ホーキンスによると、メディアは自身に課された二重の使命に失敗したという。現実を映し出し、信頼に足る鏡としての機能としても、他の関係者に対する番犬としても。第二次世界大戦後に世界の紛争に関連した死者数の88%はアフリカで起こったもので、アジア6%、中東4%だが、メディアによるニュースとしての価値付けはまったく正反対である。我々はメディアが、政治家に行動を促す火炎放射器のようなものだと考えたがる。しかし1990年代初頭のソマリア紛争に関しては、国による組織であるアメリカの海外災害援助室が警報を鳴らしてから初めて、メディアは何が起こっているかを発見して、それに追随したのだった。
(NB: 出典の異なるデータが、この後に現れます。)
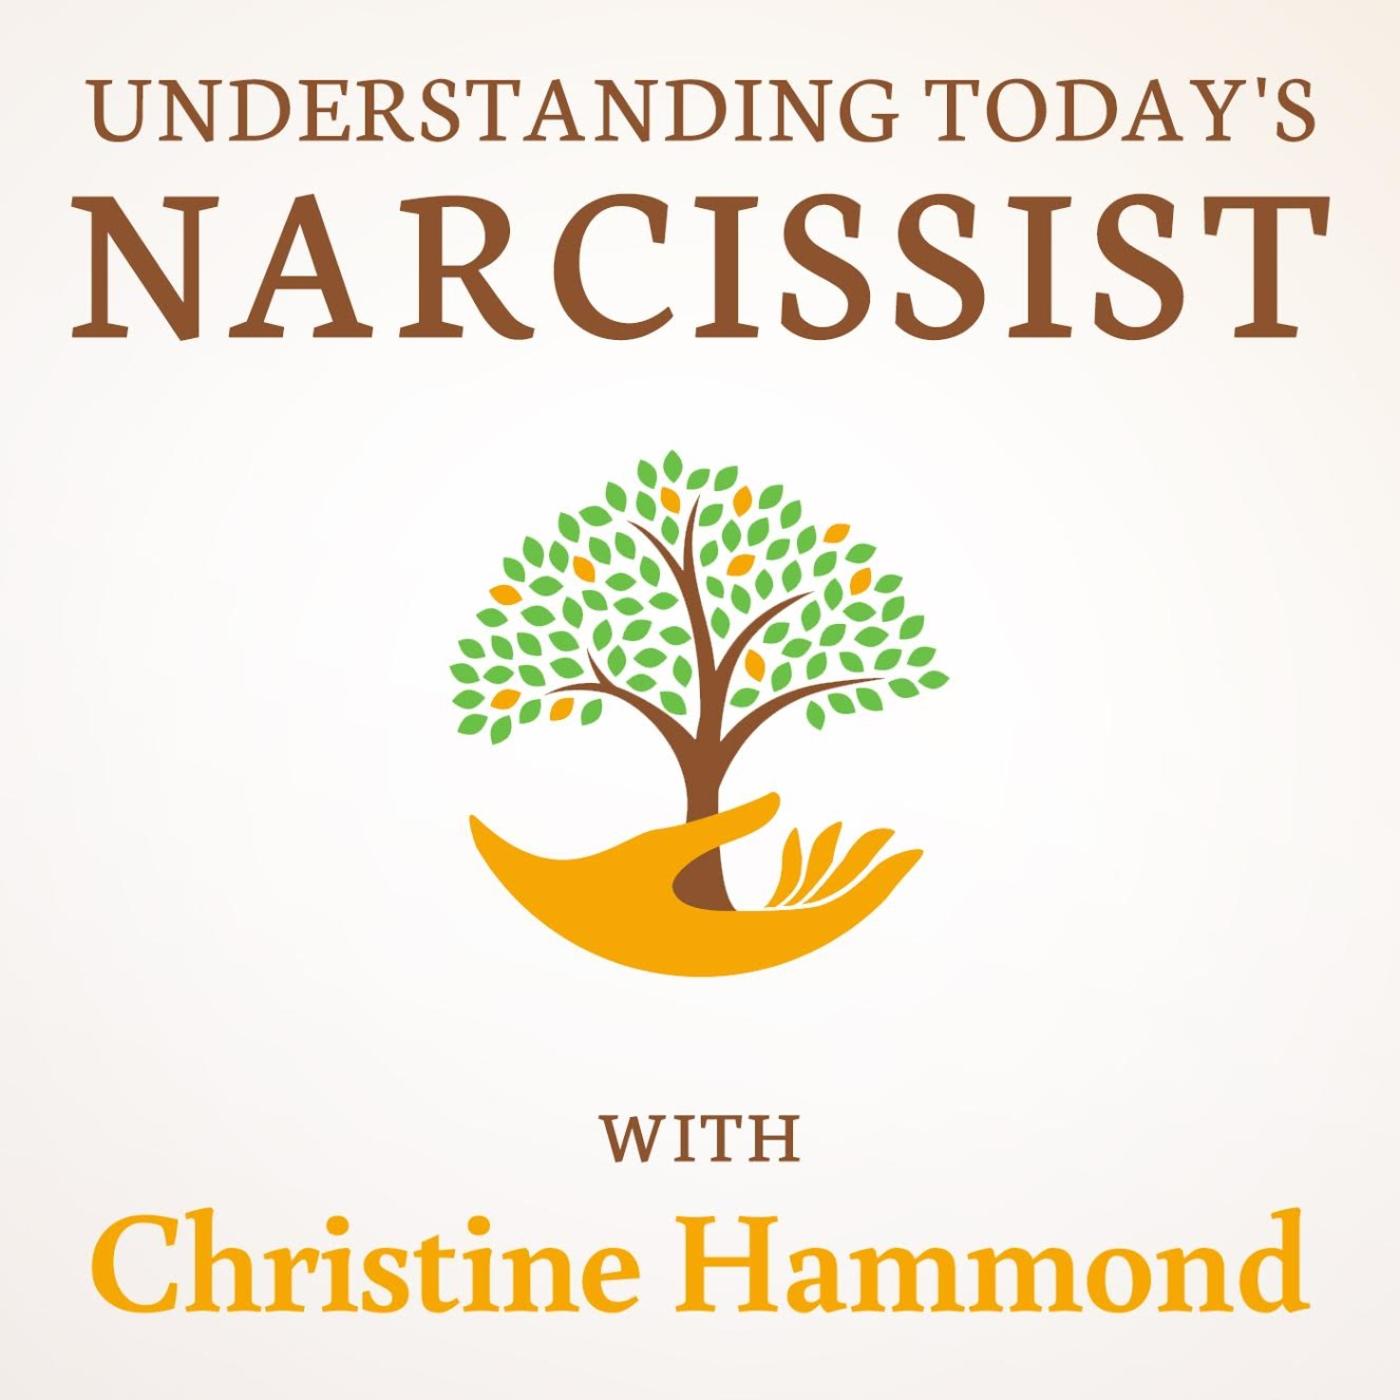 Part 3 of an interview with Dr. Nadine Macaluso, LMFT

ホーキンスは現在大阪大学国際公共政策研究科の准教授で、この著書の大部分は、日本の援助団体のAMDAで勤務していた際に、ザンビアで書かれたものである。ニュースにおいて、アフリカがいかに偏見を抱かれ、なおざりに扱われているか、彼の失望振りは本書ではっきりと見てとれる。コンゴに対するメディアの監視力は、100年前のほうが実によかったという。当時は、エドモンド・モレルが、ベルギーの植民地であったコンゴでの奴隷制について注目に値すべき運動を行った時代である。

メディアによる影、それはアフリカが地理的に遠いからであろうか?ホーキンスが反論するところでは、あらゆる紛争は、国際的に影響が及ぶ結果をもたらすものだという。国連によると、紛争の間、20カ国以上の企業がコンゴからの自然物資の不法取引に関与していた。つまり、それほどアフリカは遠くない、ということだ。また、その上、武器産業が世界の国々がより強く結びつくのに貢献している。たとえば12月12日、スヴェンスカ・ダーグブラーデット紙のバッティル・リントナーはミャンマーにてスウェーデン製の無反動砲を発見している。

コンゴにて活動するのはもしかしたら危険すぎるのであろうか。いや、かの地へ赴くのが危険だからといって紛争のどれかをメディアが取り上げないというのは、説明として値しない、とホーキンスは述べている。その意思さえあれば、彼らはどこへでも赴き、経費に糸目はつけないものだと。侵入後の数年、イラクでは他の地でよりも多くのジャーナリストが殺されたが、そのことが当地からの報道を妨げることはなかったのである。

間違いはただ、ニュースのゆがんだ価値基準にある、とホーキンスは言う。はっきりと見分けがつく「良い側」がいない紛争には、メディアは興味をなくすものだ。そうなると、メディアは手を抜いて、古臭い民族対立やカオス状態の暴力について話し始める。ホーキンスは、ルワンダの市民虐殺はカオス状態ではなかった、と主張する。80万もの人が、ある一定の計画もなく100日で殺されるわけがないと。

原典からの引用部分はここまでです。